I tell Yulia that I am trying to get to Lake Baikal. She tries to tell me something about it, but she doesn’t know quite the right word. She asks if she can draw it in my notebook. Turns out I’m supposed to look out for aliens – Baikal is apparently mildly famous for UFO sightings.

Unable to communicate the concept of aliens, Yulia had to resort to drawing in my journal. The rest of the scrawl is my own.

But Yulia’s favorite topic is definitely my family – or lack thereof. One of the pictures I show her is of me and my parents at Christmas dinner. She points to one of the empty chairs and tells me “wife.” I shake my head. She is undeterred: “and one, two, three, many children.” I tell her no more than two kids, which is easier than explaining the concept of “I’m not sure I’ll ever have kids,” which is tough to swallow even for most Americans. I ask her how many she plans on having, and she reveals with a smile that she is expecting her second in November. “I am hoping for a boy,” she tells me. After a moment, she points up towards the top bunk where her husband has been watching the absurd WWII drama all day, and corrects herself: “we are hoping for a boy.”

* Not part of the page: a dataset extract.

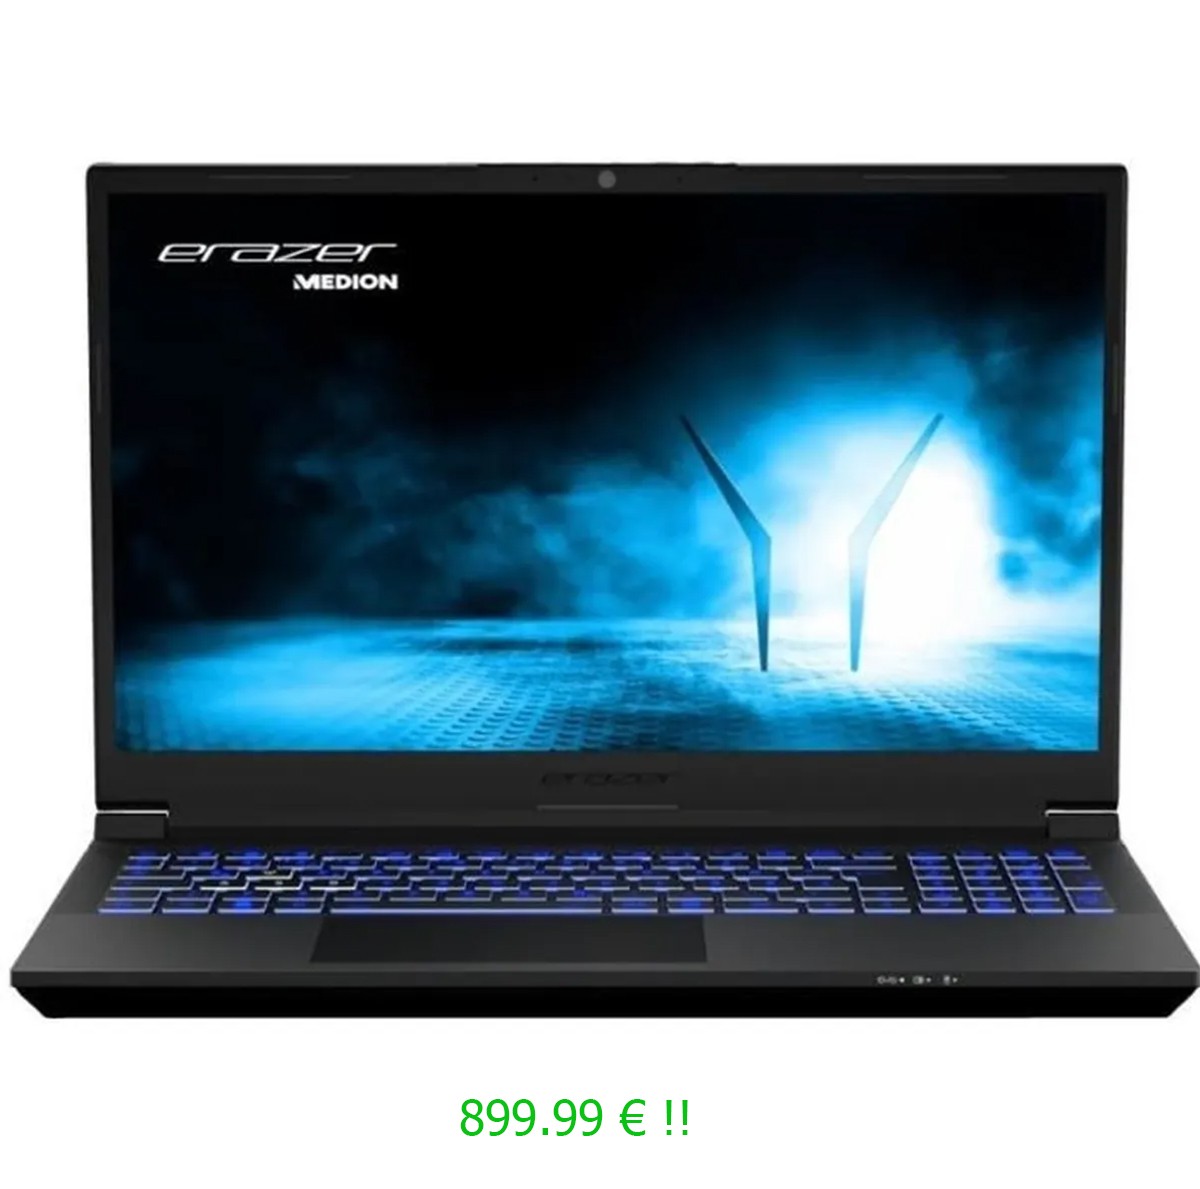 Une offre parfaite pour un laptop gamer 1080p à moins de 900 euros

Still, socializing can only take up so much of your day. The rest of the time is passed reading, napping, eating, drinking, and staring out the window at a place I’ve never seen and may never see again. I’ve got my camera with me, as well as a Flip video and and iPod touch for video, and as I switch equipment on the top bunk, the Flip manages to fall through the narrow space between the wall and my mattress, narrowly missing Yulia sitting on the bunk underneath me. As she returns it, she scolds me: “You kill me with this.”